الحمد لله والصلاة والسلام على نبينا محمد. أما بعد:

1 Problem

Urdu and Persian are written in the Arabic script. These languages have vowels that don’t exist in Arabic and there is no disambiguous way to write these additional vowels in the Arabic script.

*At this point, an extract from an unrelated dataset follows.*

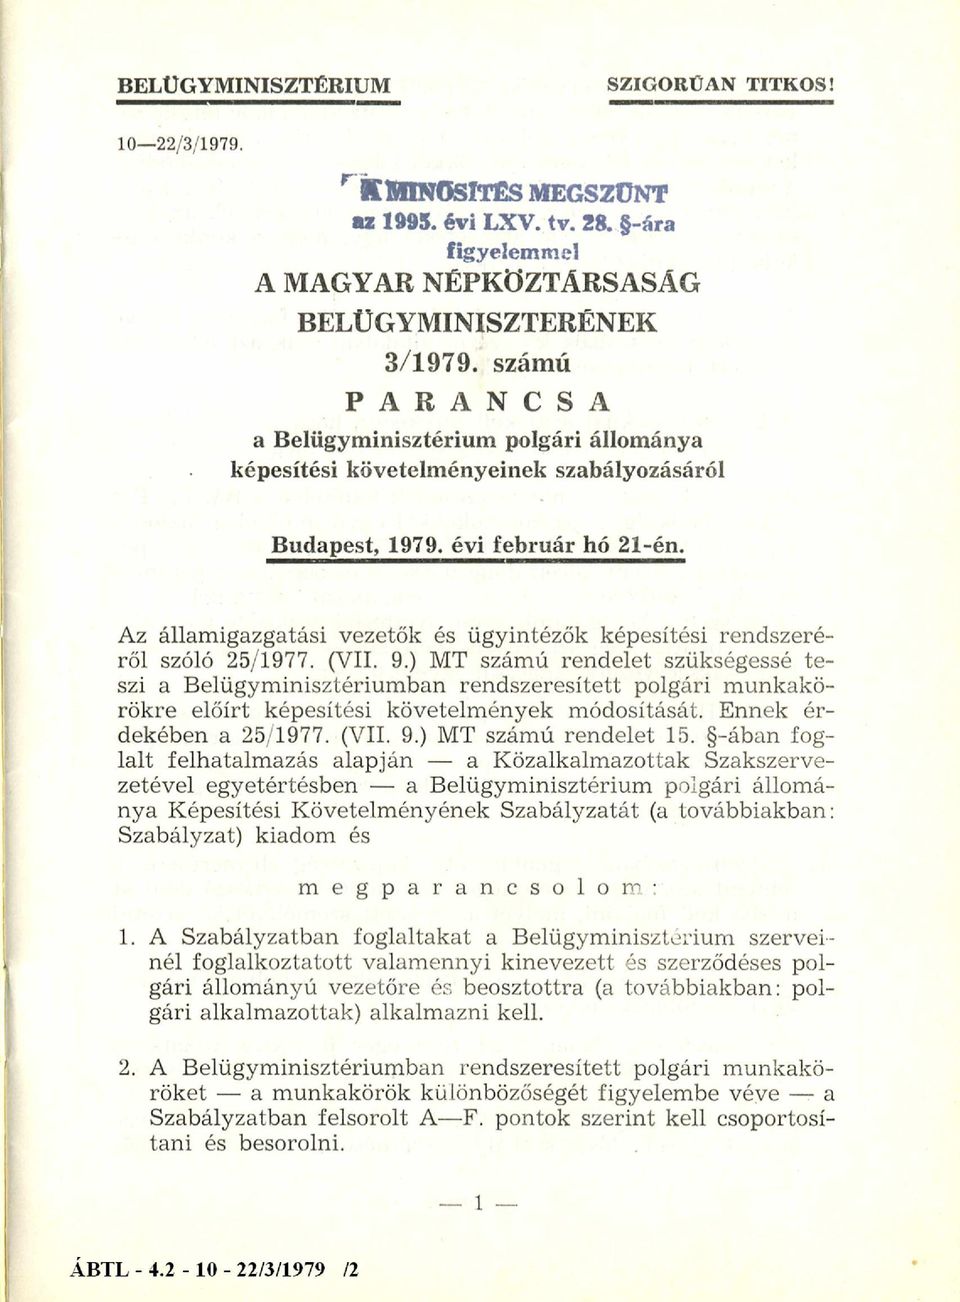 Az állam igazgatási vezetők és ügyintézők képesítési rendszeré ről szóló 25/1977. (VII. 9.

2 Vowels in Urdu and Classical Persian

Classical Persian and Urdu have all the vowels and diphthongs (albeit with different qualities) that Arabic does:

Vowel Representation Example
a ـَ شَب šab
i ـِ مِل mil
u ـُ بُت but
ā ـَا مَال māl
ī ـِی مِیل mīl
ū ـُو رُوح rūḥ
aw ـَوْ غَوْر ġawr
ay ـَیْ مَیْل mayl

However, Classical Persian and Urdu have two additional vowels that are not found in Arabic:

  1. ō: This is called واوِ مجهول wāw-i majhūl “unknown waw”, called so because this sound is unknown in Arabic. There is currently no standard way to disambiguously represent this in writing in the Arabic script. It is written without any diacritical mark, example شور šōr. But this is not disambiguating since vowels are usually omitted for all words and the above representation could just as easily be read šawr or šūr.

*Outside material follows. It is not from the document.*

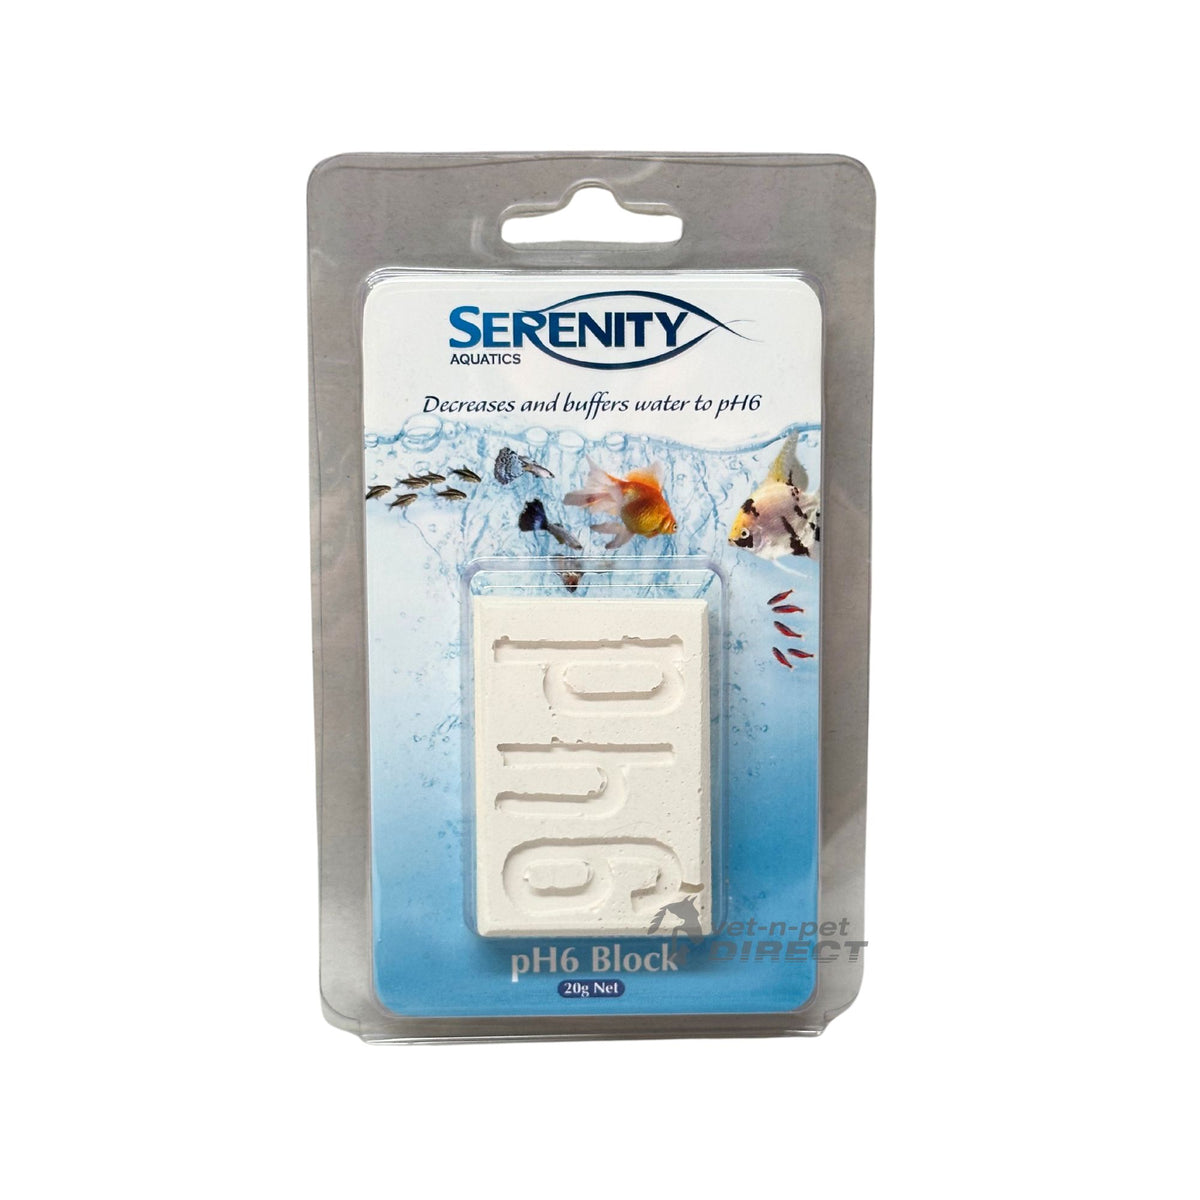 Serenity Aquatics pH6 Block

  2. ē: This is called ياءِ مجهول yāʾ-i majhūl “unknown yeh”, called so because this sound is unknown in Arabic. Urdu has invented a way to somewhat disambiguously write this vowel, but only at the end of a word. For this Urdu uses “Big yeh” ے (U+06D2). For example لے . Conversely, for the vowel ī at the end of a word, Urdu uses “small yeh” ی (U+06CC), for example: لِی . By the way, the diphthong ay at the end of a word is also written with “big yeh”, e.g. مَےْ may. In the middle of a word, there is no disambiguation, e.g. شیر šēr.

3 Proposal

We propose the use of U+08F3 “Arabic Small High Waw” and U+06E7 “Arabic Small High Yeh” as diacritics to represent the above two vowels disambiguously. These were originally added to Unicode for Qurʾanic orthography. However we may re-purpose them in the context of Urdu and Classical Persian typesetting.

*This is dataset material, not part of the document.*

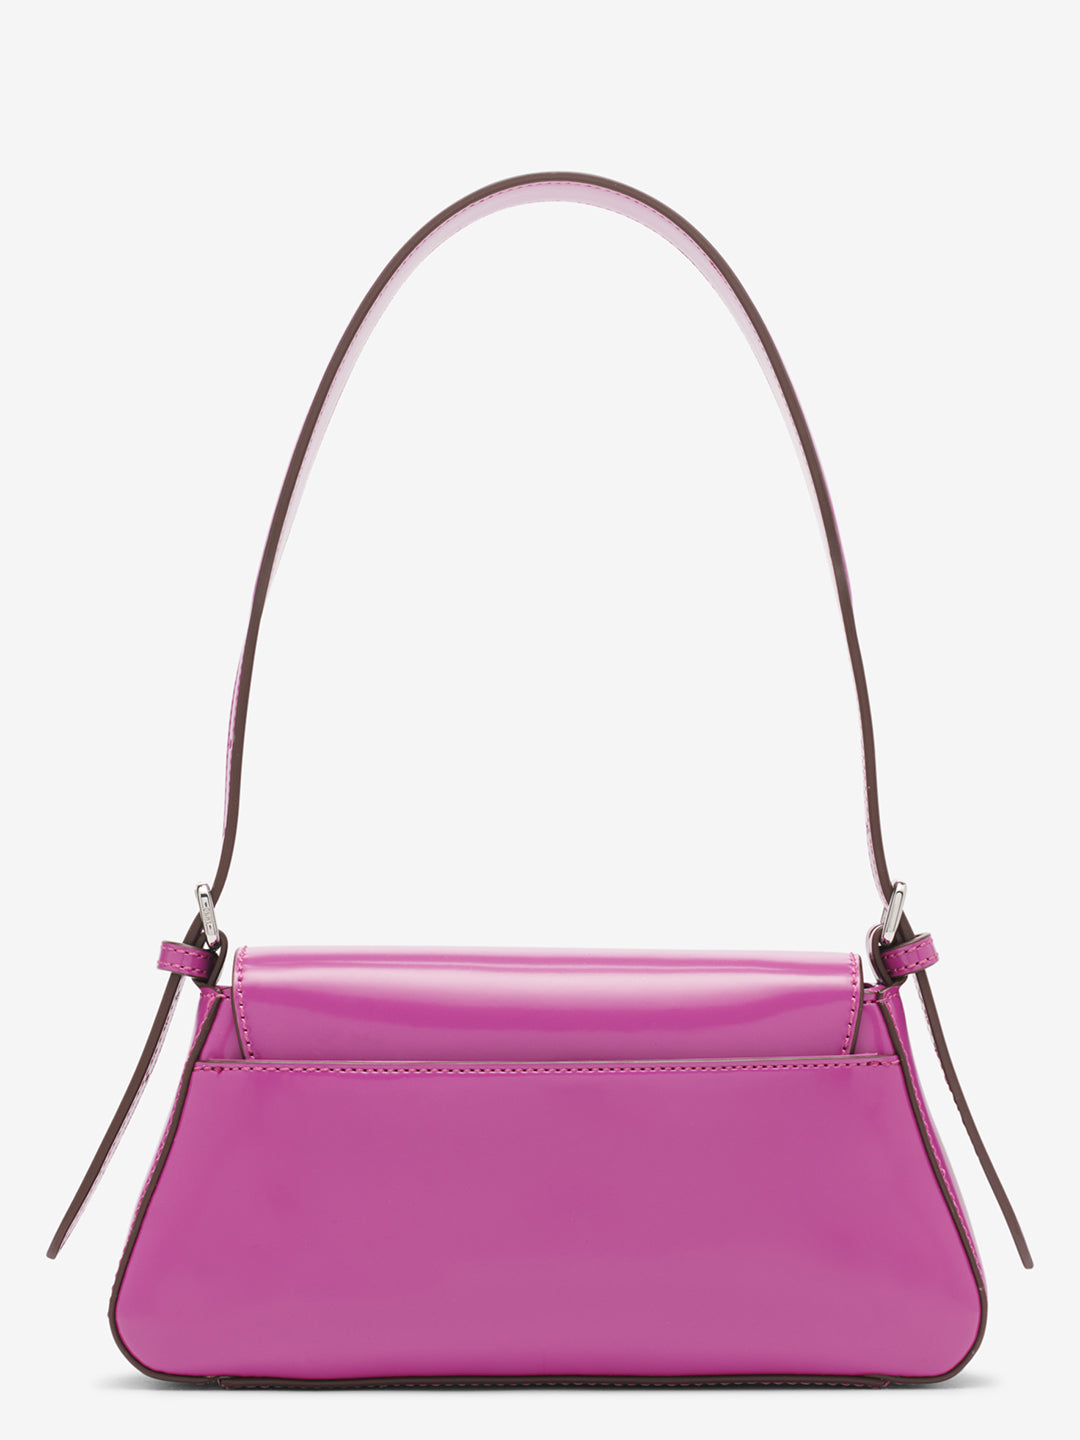 DKNY Women Pink Solid Handbag

Vowel Diacritic Representation Example
ō U+08F3 Arabic Small High Waw ـوࣳ شوࣳر šōr
ē U+06E7 Arabic Small High Yeh ـیۧ , ـےۧ شیۧر šēr , لےۧ

It is possible that U+08F3 Arabic Small High Waw ◌ࣳ could be confused with U+064F Arabic Damma ◌ُ but this should not be a major issue because Damma on wāw is rare except after ʾalif, e.g. تَشَاوُر tašāwur.

Here are some examples with the proposed scheme:

  • شُورَیٰ šūrā
  • شوࣳر šōr
  • غَوْر ġawr
  • شِیر šīr
  • شیۧر šēr
  • غَیْر ġayr

For words ending with ē Urdu already uses U+06D2 “Arabic Letter Yeh Barree”. However, Classical Persian typesetters may prefer to use U+06CC “Arabic Letter Farsi Yeh” to be consistent. Even so, they should be able to use the proposed diacritic U+06E7 “Arabic Small High Yeh” on top of the final yeh.

Urdu typesetting Classical Persian typesetting
مِی مِی
وَلےۧ walē وَلیۧ walē
مَےْ may مَیْ may

4 Conclusion

We have proposed the use of two diacritics to represent واوِ مجهول wāw-i majhūl and ياءِ مجهول yāʾ-i majhūl. These may be useful for typesetting works where disambiguation is called for, like dictionaries and critical editions, without having to resort to transcription in the Latin script.